GIVEN DATA:

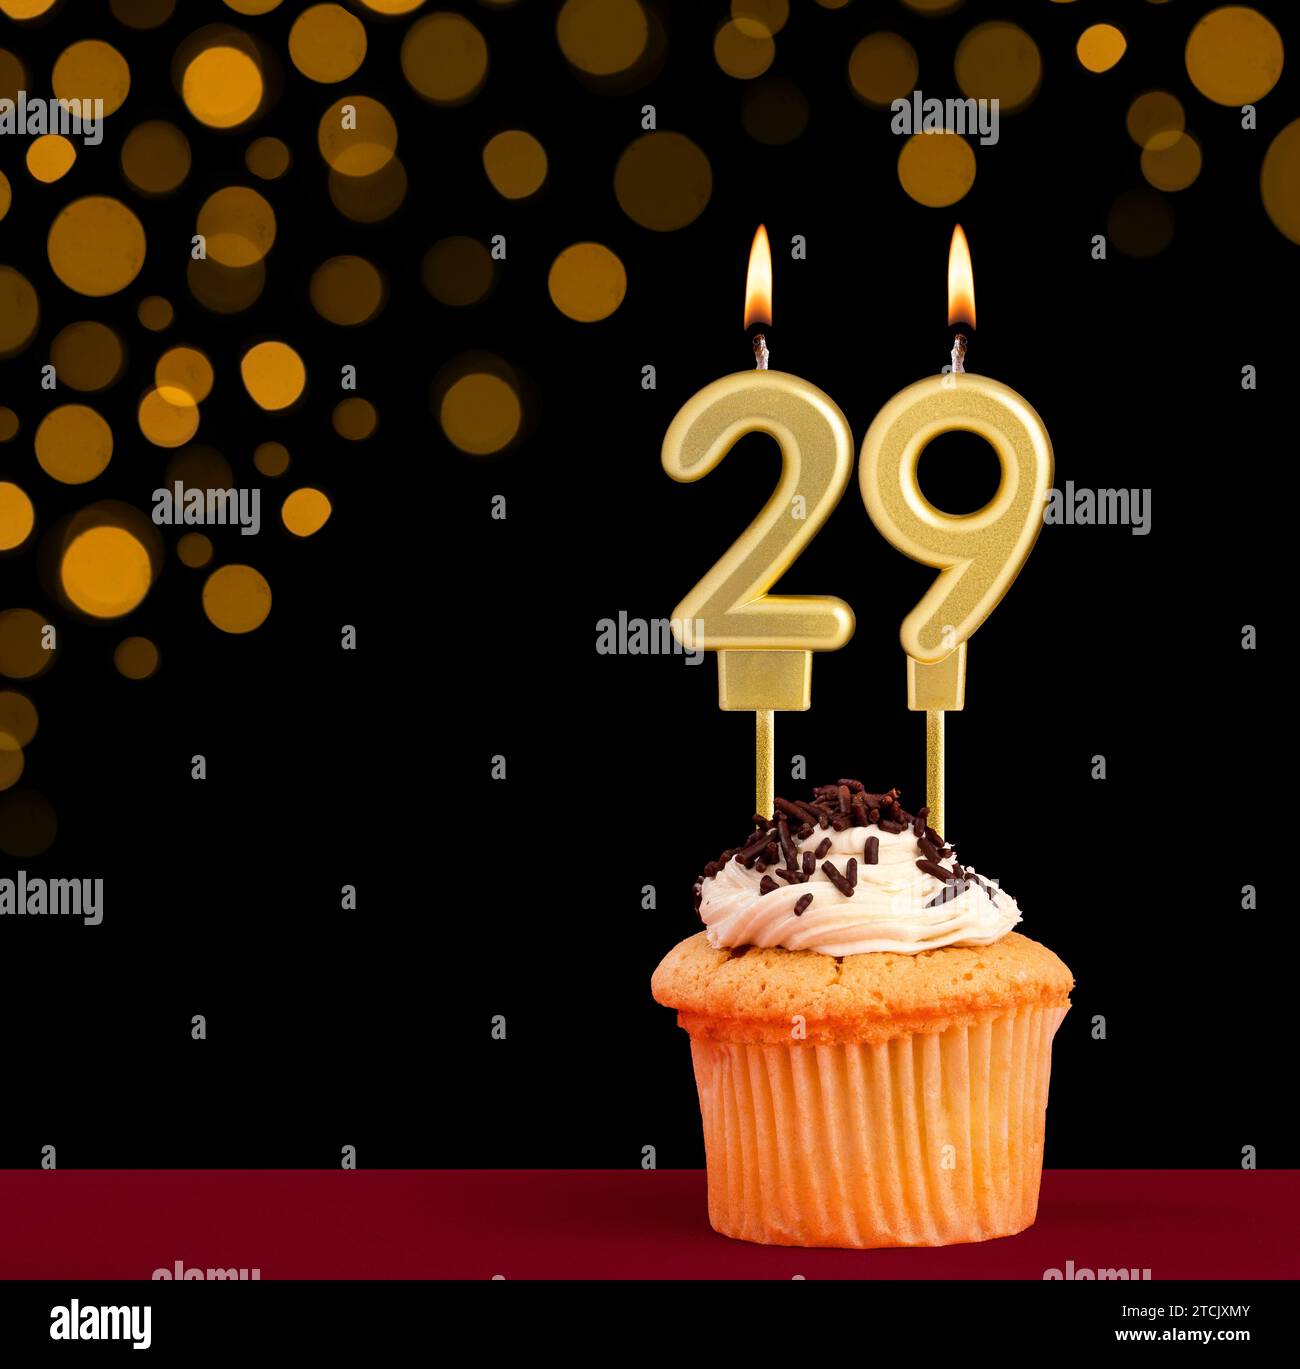 Number 29 birthday candle - Cupcake on black background with out of focus lights Stock Photo
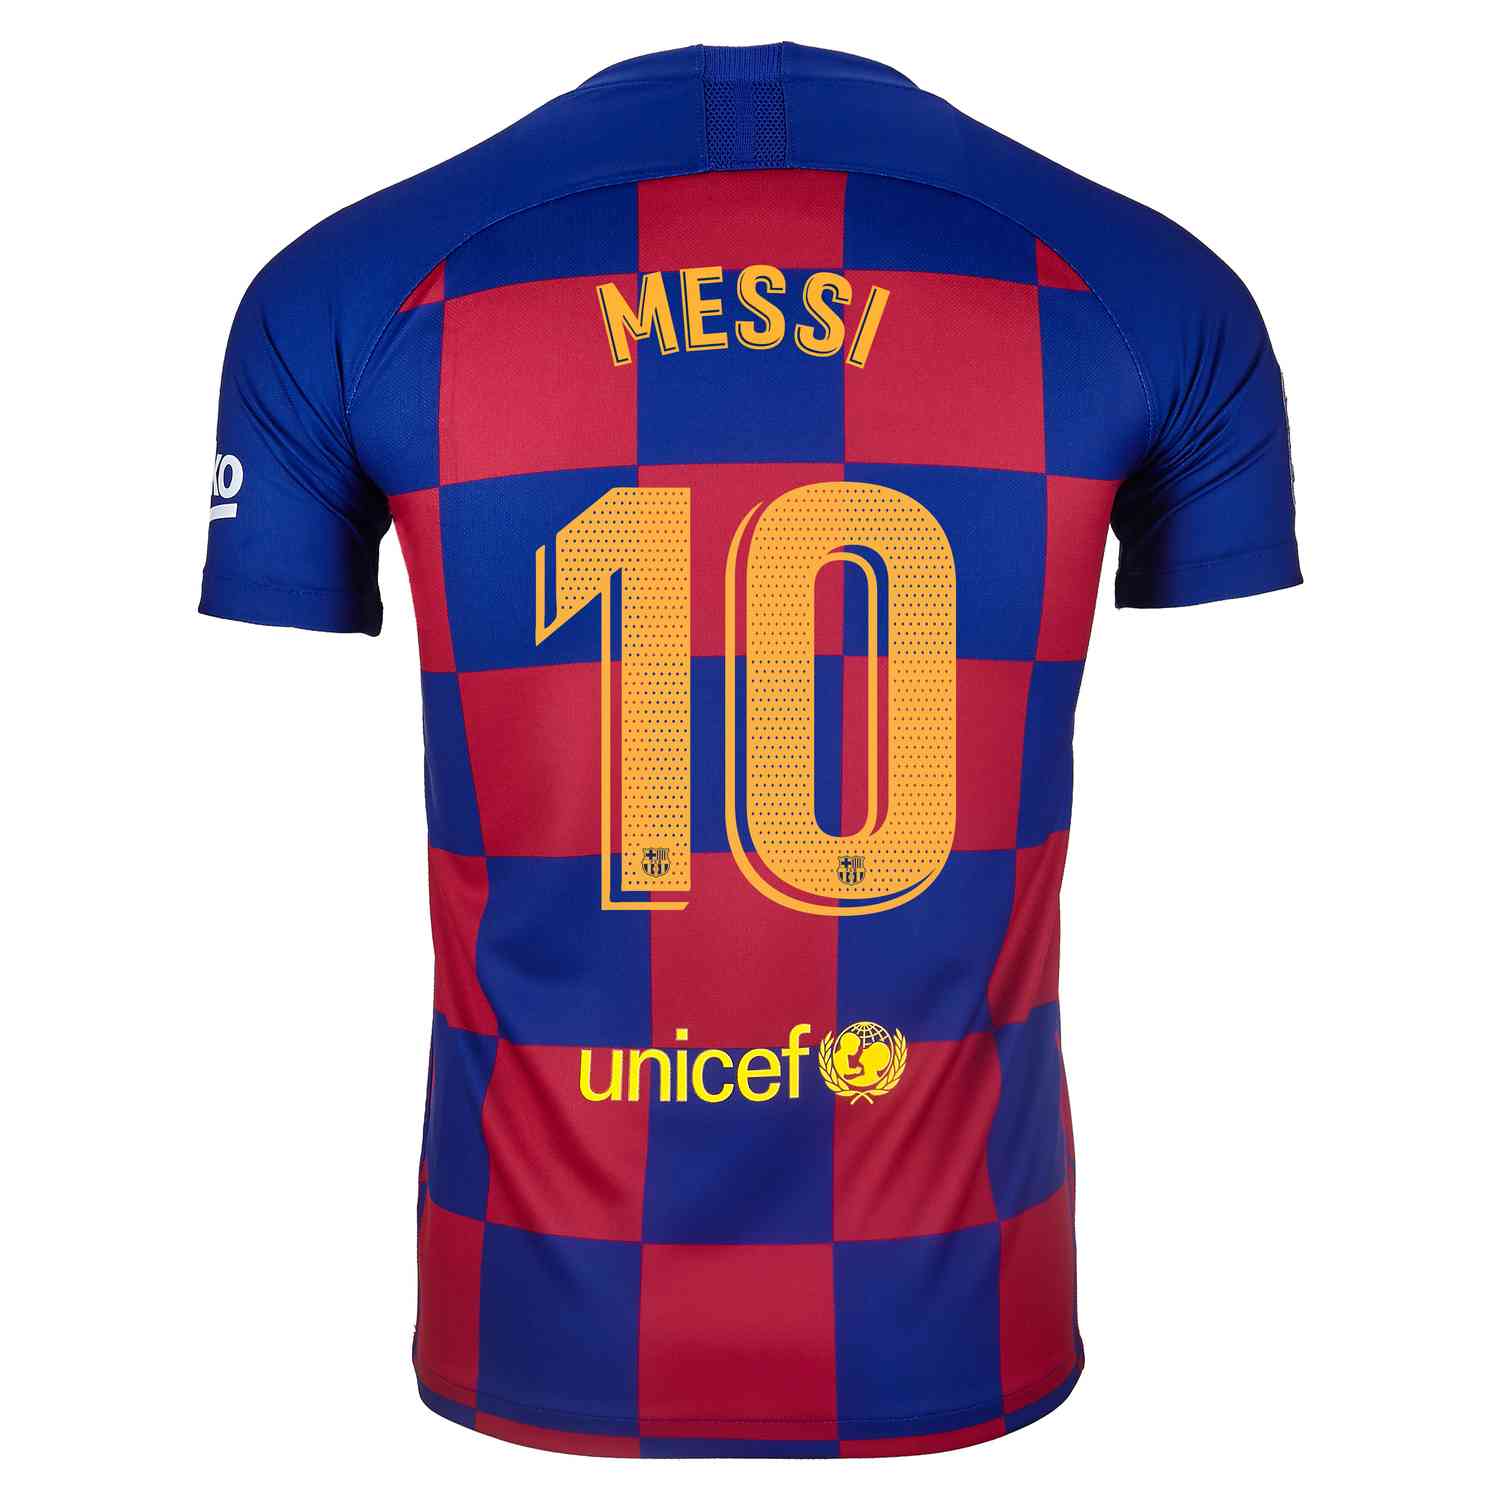 messi jersey youth 2019
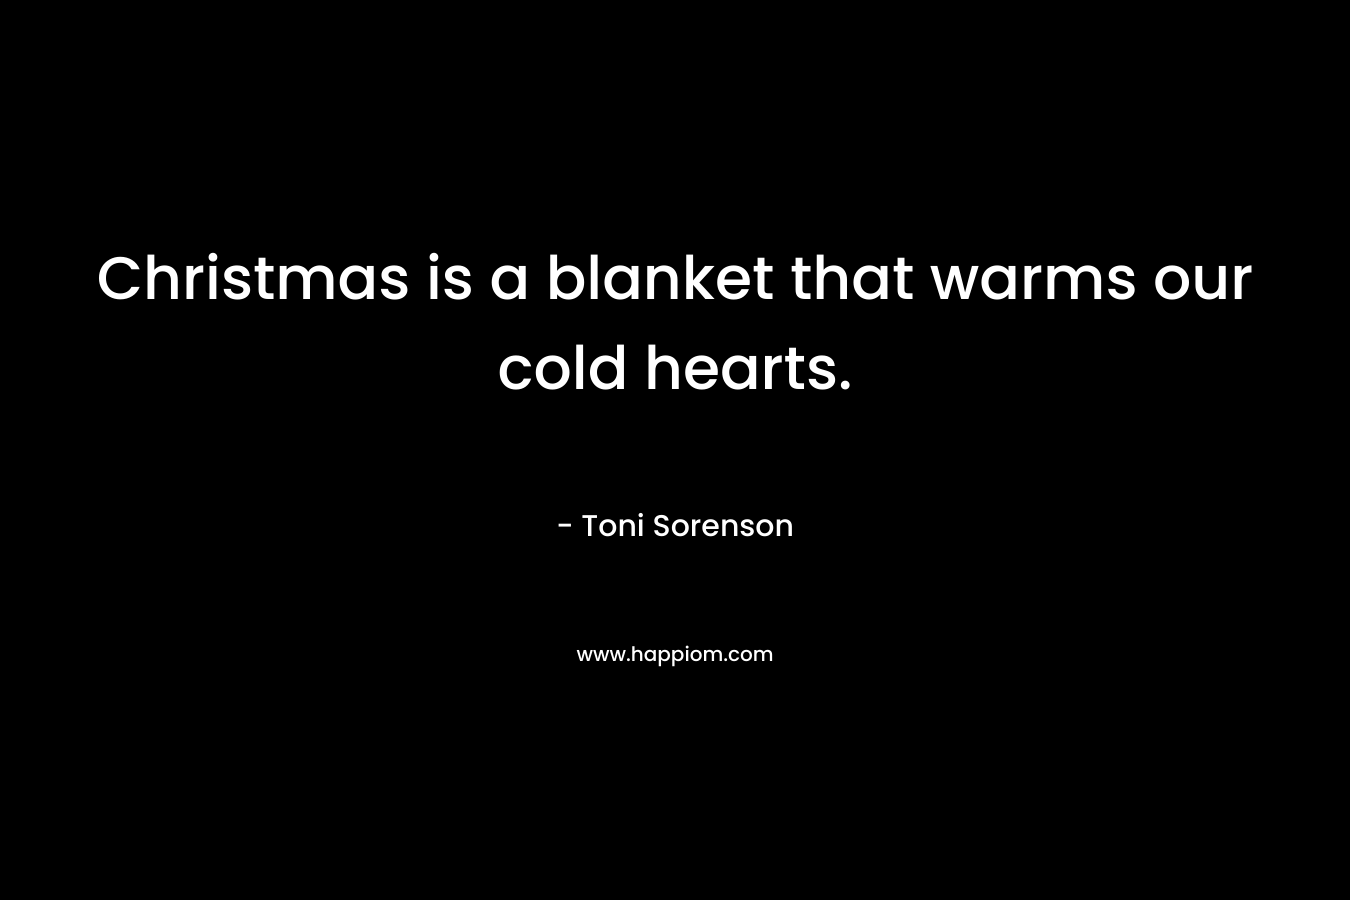 Christmas is a blanket that warms our cold hearts. – Toni Sorenson

EXERCISE DIRECTIONS: Across the whole listing above, repeat each line exactly and leave out the images.

EXERCISE SOLUTION:
 Number 29 birthday candle - Cupcake on black background with out of focus lights Stock Photo
 messi jersey youth 2019
 Christmas is a blanket that warms our cold hearts. – Toni Sorenson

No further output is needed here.